Sununu signed an executive order allowing parents and eligible guardians of infants between the ages of 6 weeks and 6 months to bring their child to work, so long as their state agency or department has elected to participate; the worker receives prior written authorization from the agency’s human resource officer; the worker has completed an individualized plan for the infant; there’s no safety hazard or concern to the parent of the infant; and there is limited disruption in the workplace.
Sununu said over 20 state departments and agencies have chosen to participate so far. The program will be based on programs in several other states, including Arizona, Vermont and Washington.
“This initiative can provide working families with options to give their kids the healthiest possible start to life while allowing them to remain in the workforce if they choose to do so,” Sununu said at a news conference.
When asked how many state employees this could affect currently, Sununu said “it’s not that many, to be honest, but part of doing this is we hope it’s more. We’re trying to encourage and attract young people into the workforce.”
The policy says that “habitually disruptive or sick infants are not permitted in the workplace “and that parents participating in the program are required to comply with current state regulations governing child immunizations. The infants shall not be brought to meetings unless approved in advance by the agency’s human resource officer and the meeting organizer.
Diaper changes and disposal must take place only in a restroom, the policy said. The employer will provide at least one diaper changing station in their facility. Supervisors must allow lactating mothers flexible schedules to breastfeed and/or express milk.

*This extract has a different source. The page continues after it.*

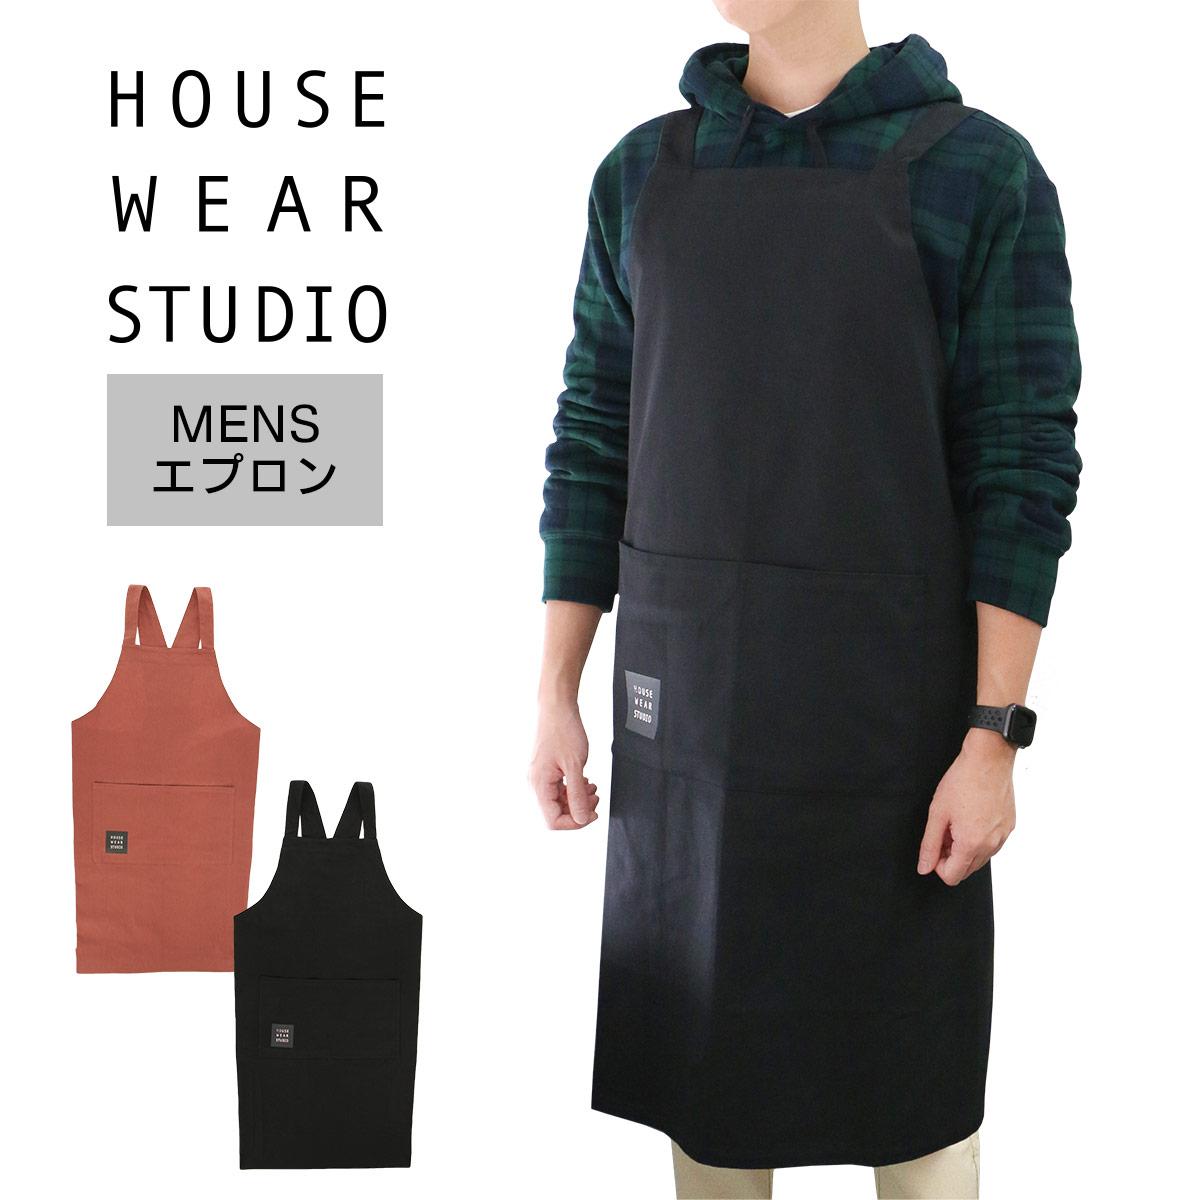 HOUSE WEAR STUDIO ハウスウェアスタジオ フリークロス 綿100% メンズ エプロン 70371871【ゆうパケットお取り扱い不可】
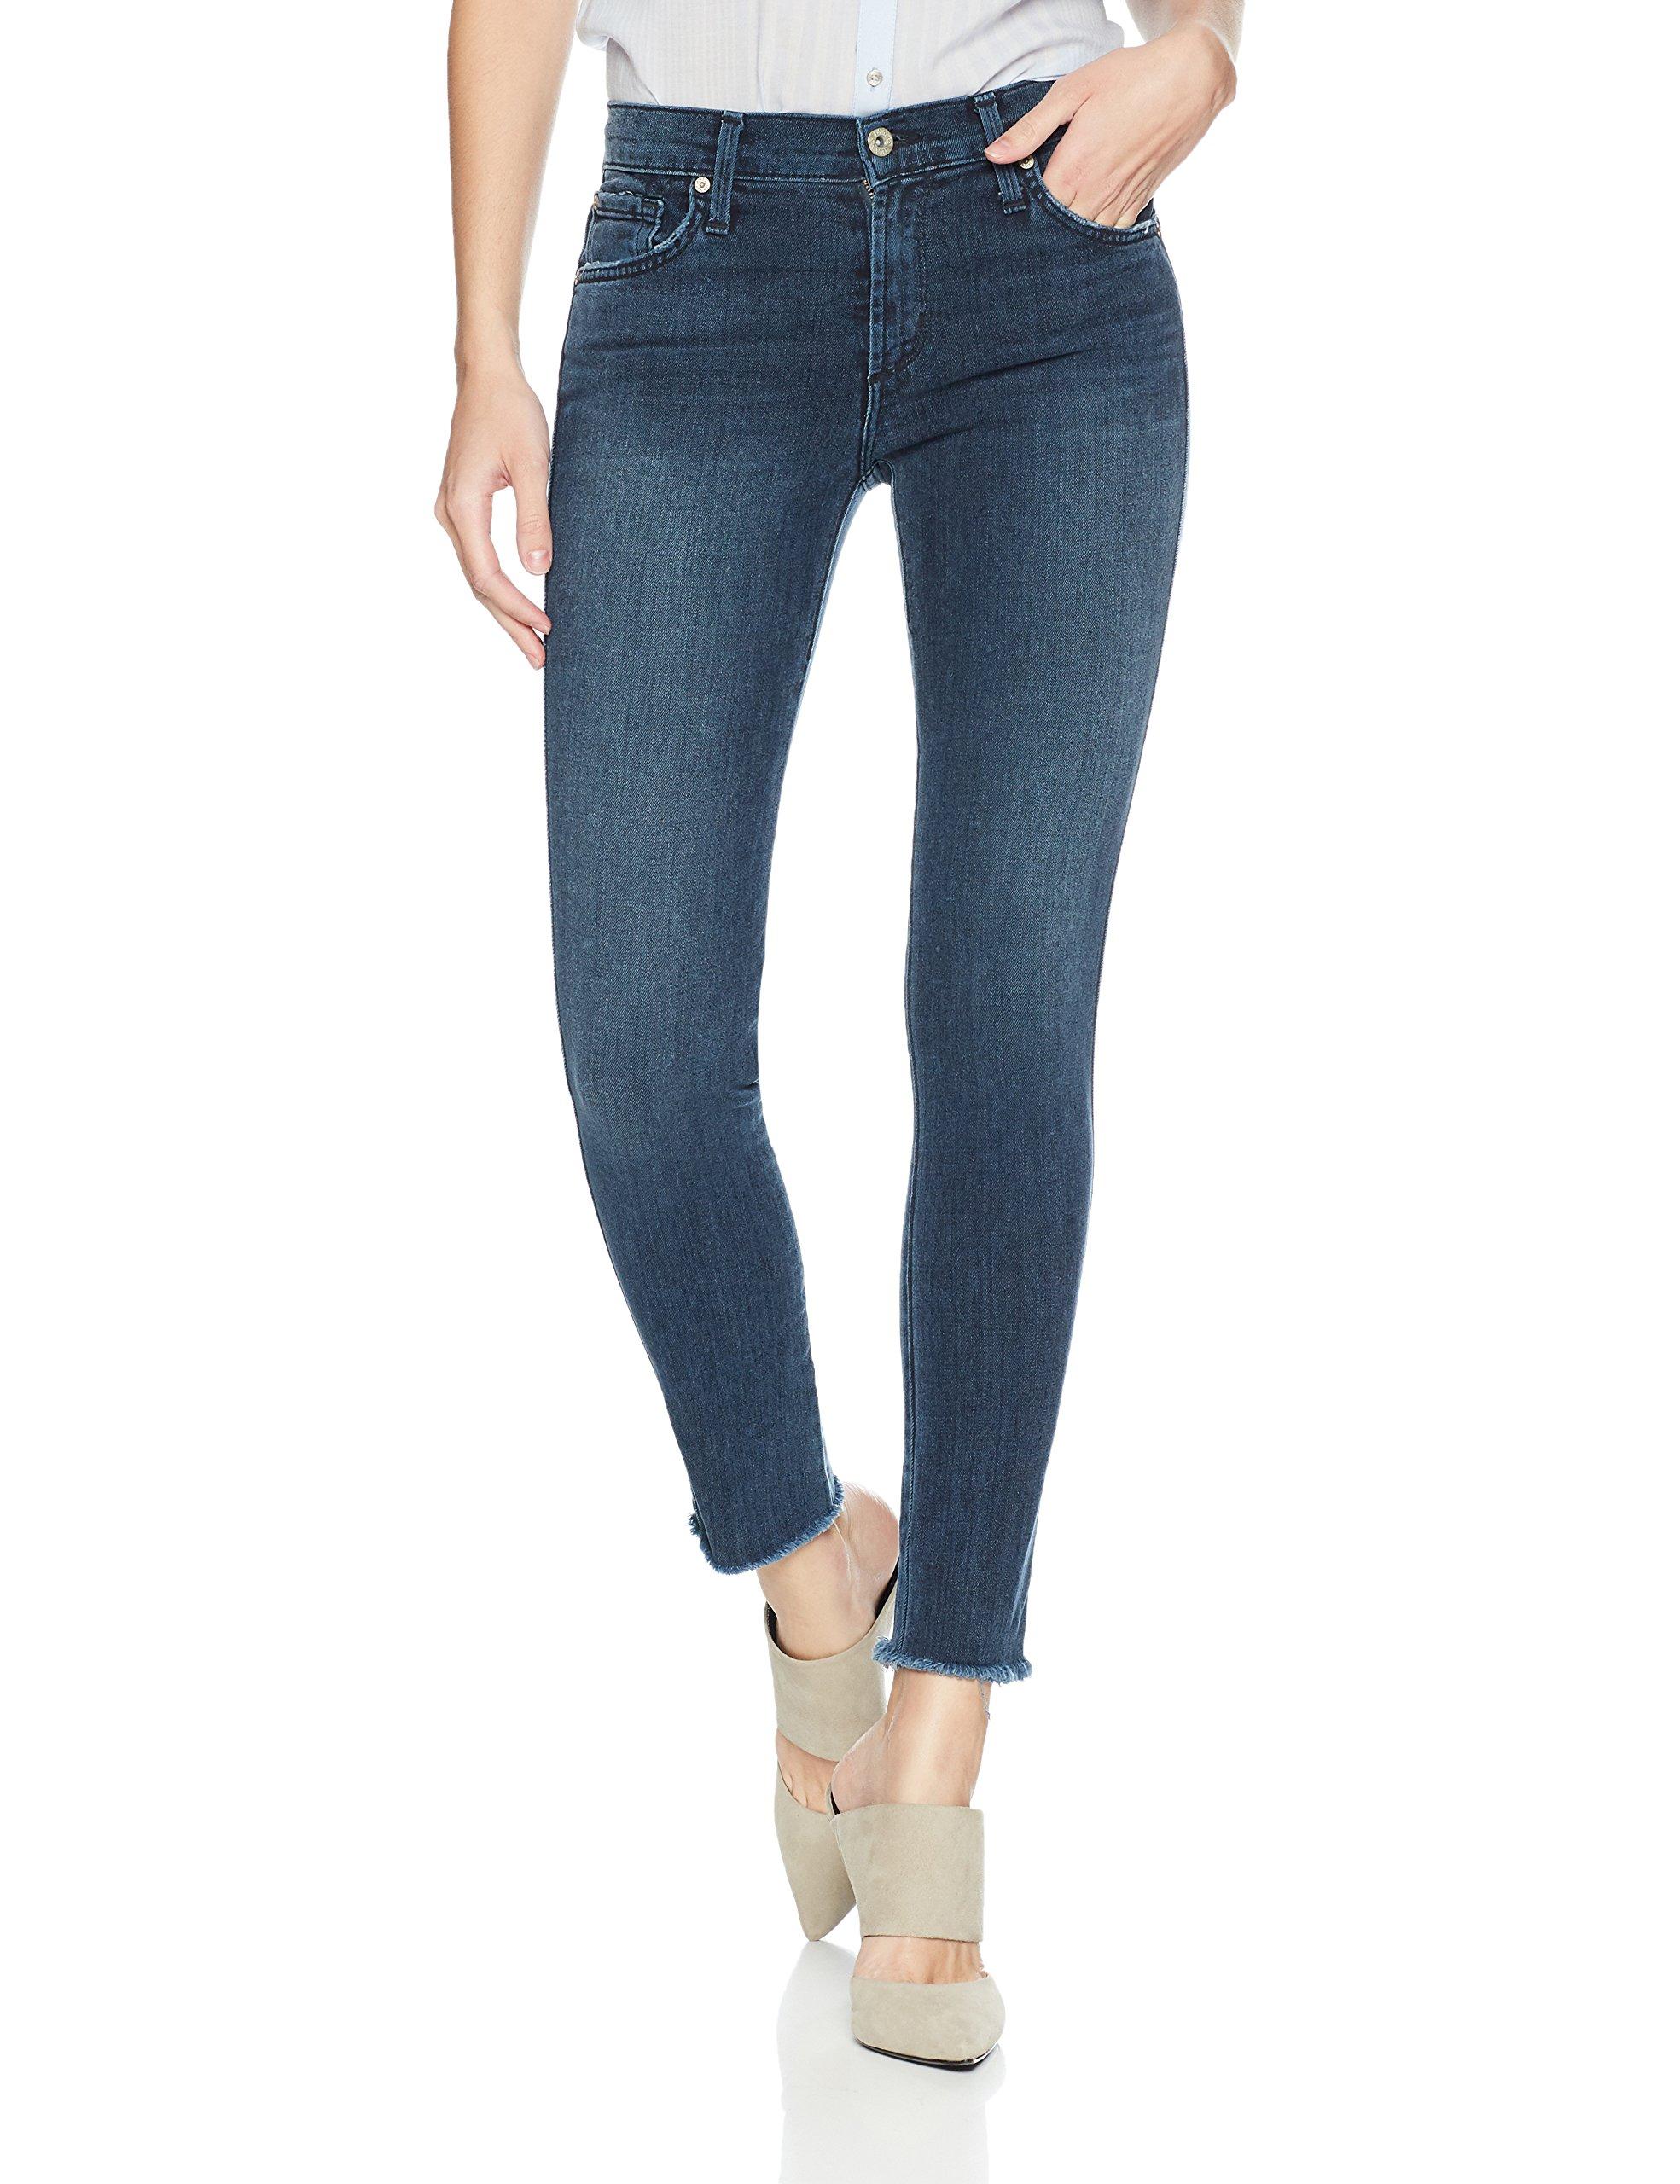 James Jeans Women's Twiggy Ankle Length Skinny Jean In Dynasty Clean, Dynasty CLN, 25

“This will alleviate a lot of that anxiety” that comes with the stress of being a new parent, said Sarah Stewart, commissioner of the Department of Natural and Cultural Resources who approved the policy. “I look forward to supporting the new moms and dads that work in our department.”
A spokeswoman for New Hampshire’s largest state employee union, the State Employee Association, said the union wasn’t consulted and that there are agencies it doesn’t apply to.